START Data under study
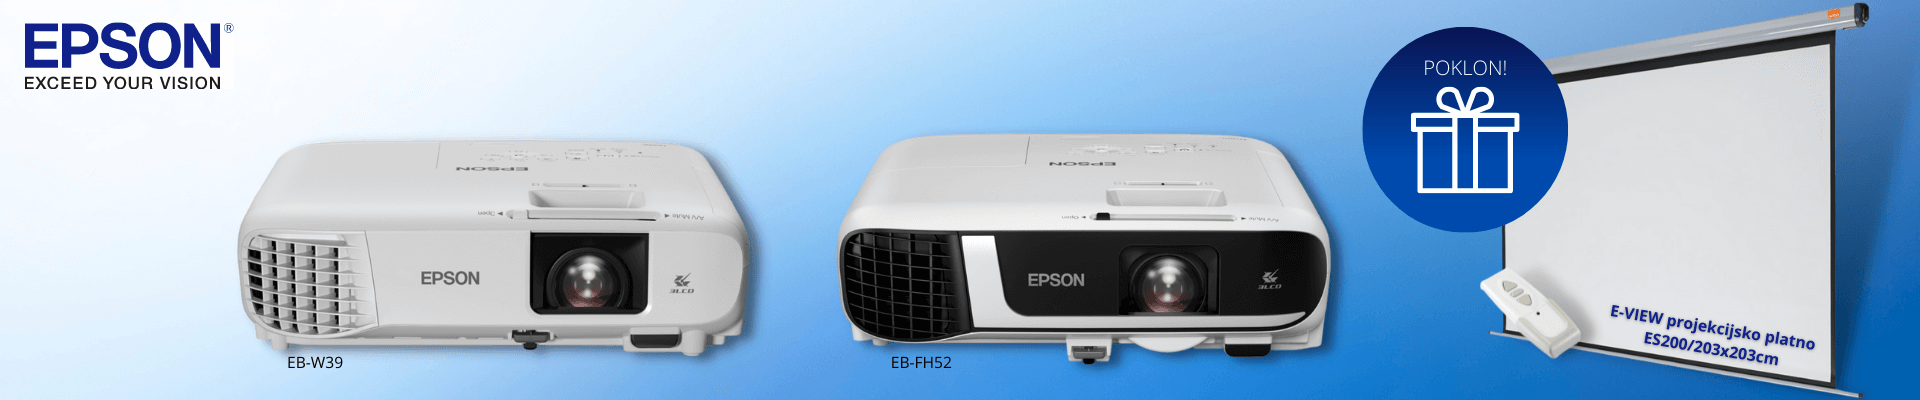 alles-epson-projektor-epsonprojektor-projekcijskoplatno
END Data under study
START Data under study
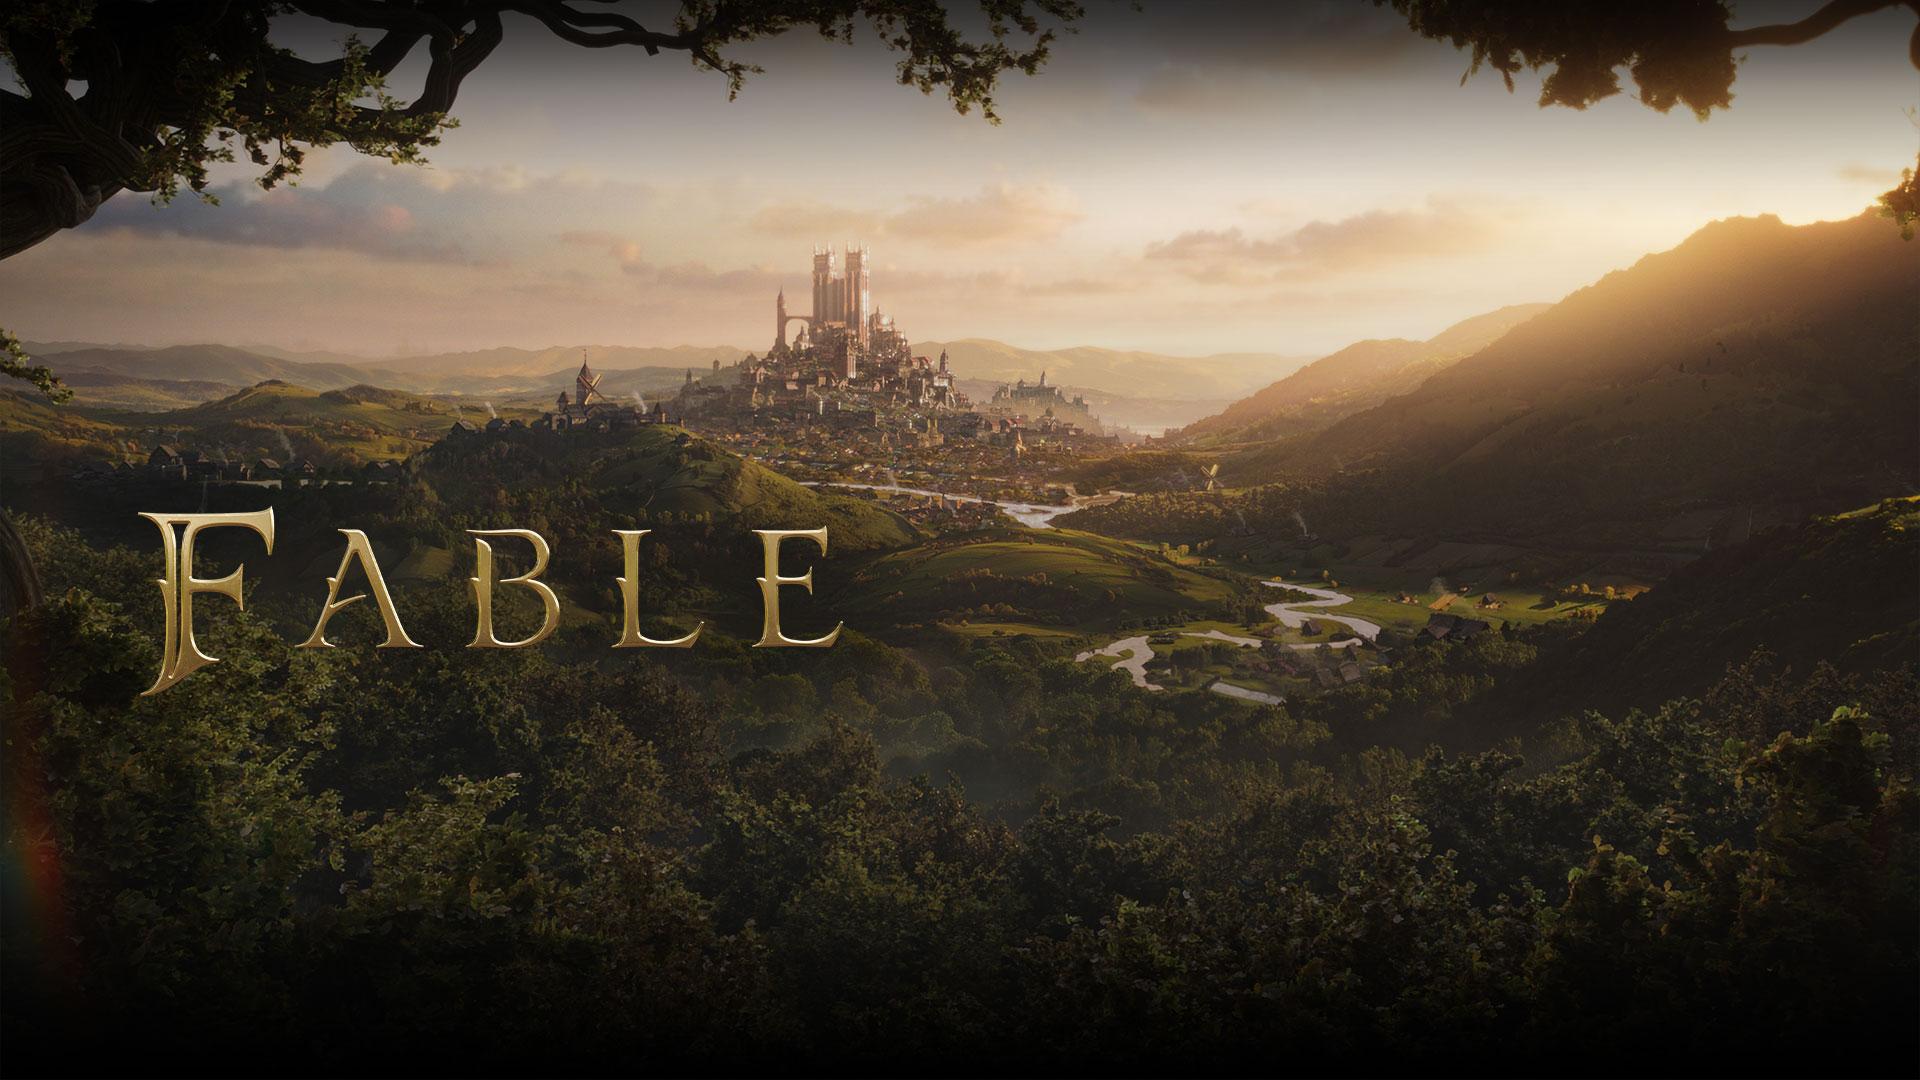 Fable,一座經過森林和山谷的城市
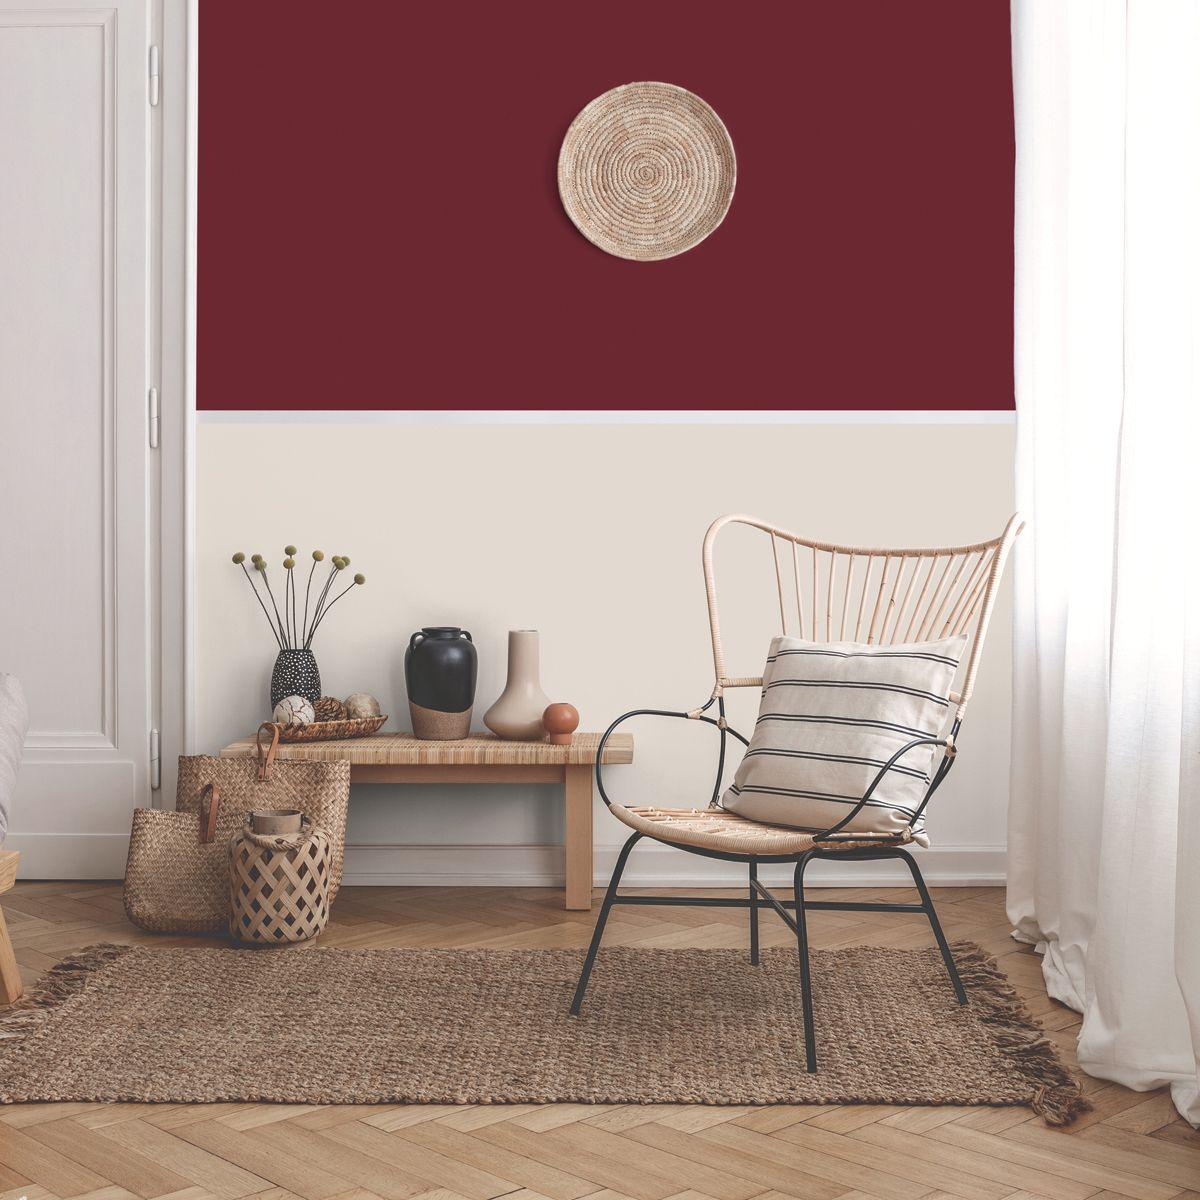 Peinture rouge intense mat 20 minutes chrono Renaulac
END Data under study
START Data under study
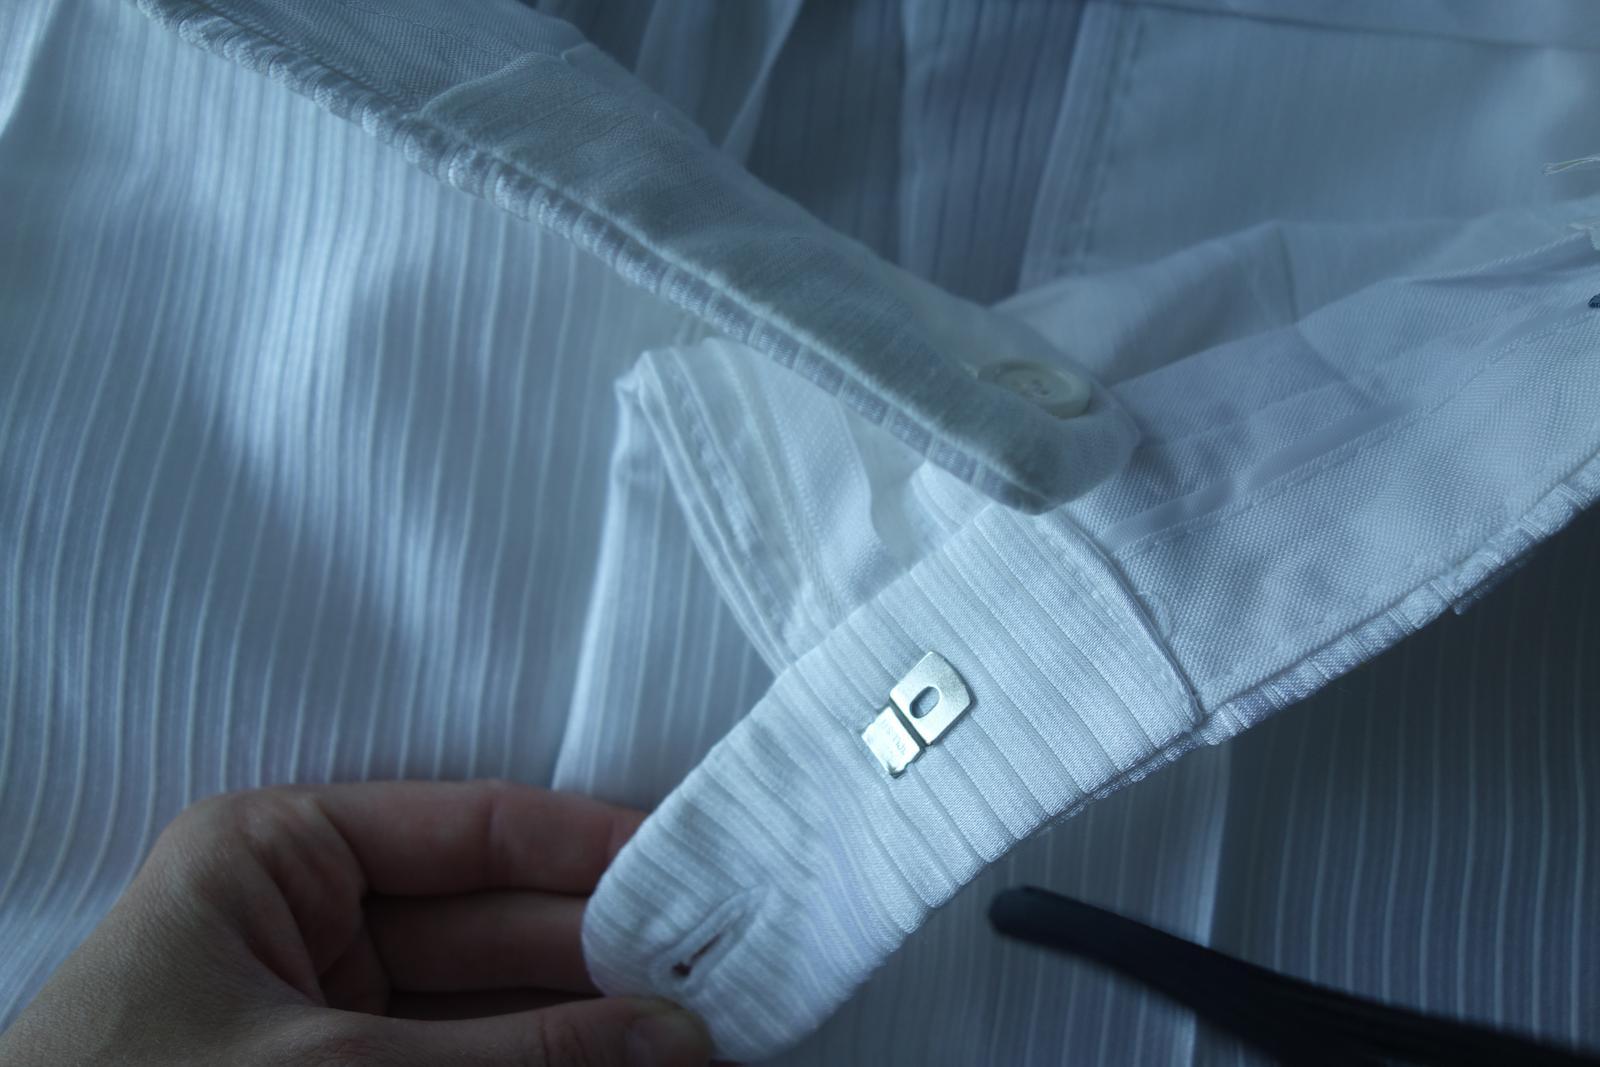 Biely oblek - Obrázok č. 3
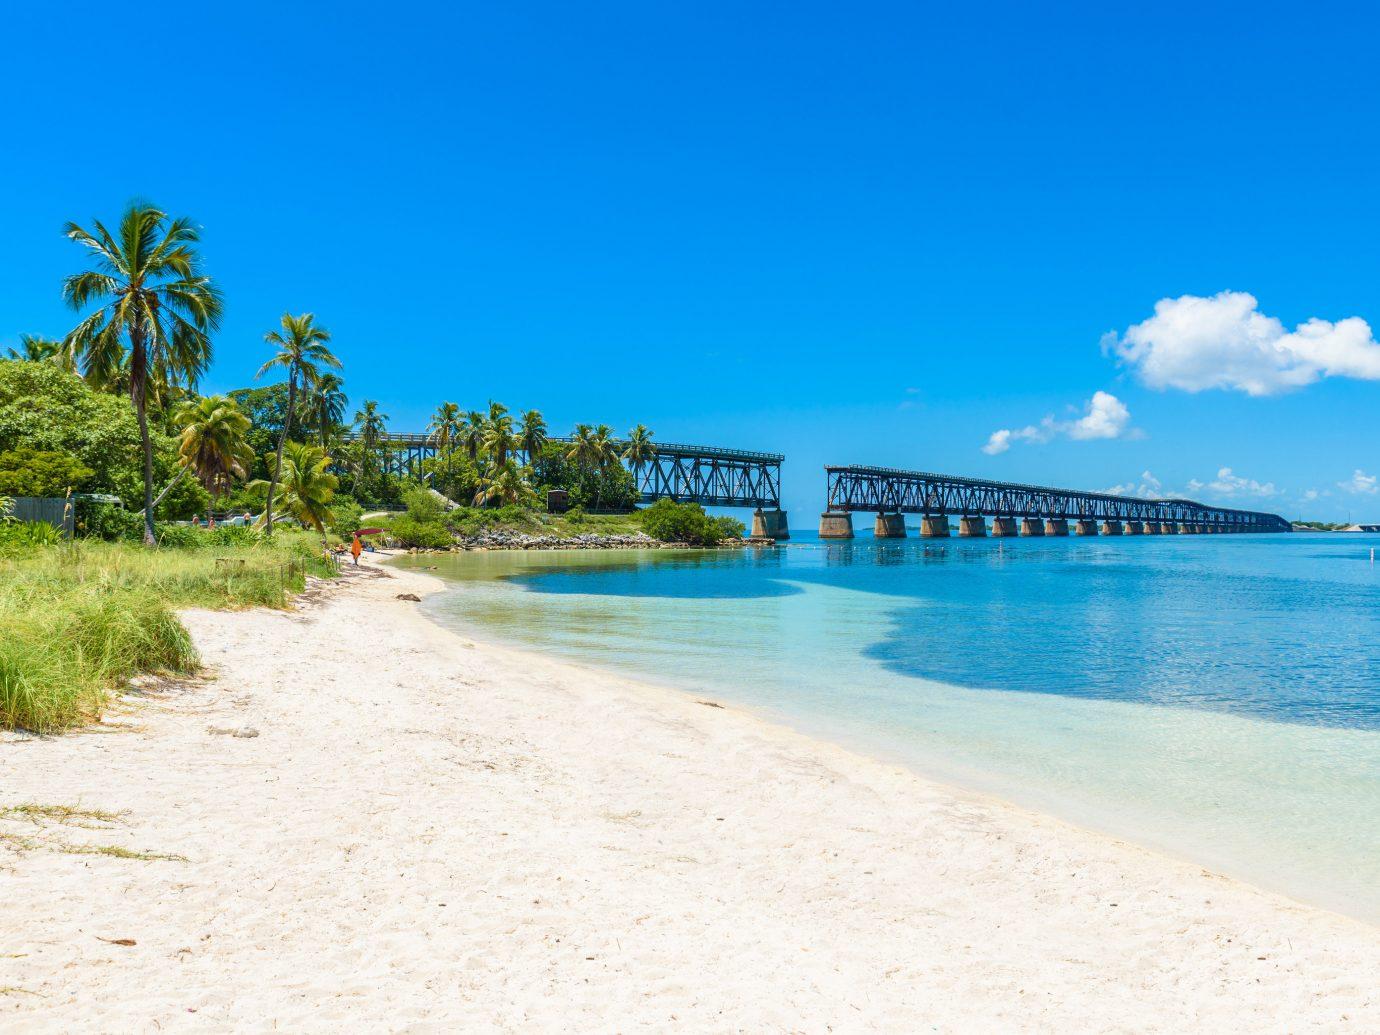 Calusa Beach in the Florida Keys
END Data under study
▸ How to complete this task
In the listing above, find the line with "Biely oblek - Obrázok č. 3" and output every line through the one with "Calusa Beach in the Florida Keys", exactly, without the pictures.

▸ Exercise output
 Biely oblek - Obrázok č. 3
 Calusa Beach in the Florida Keys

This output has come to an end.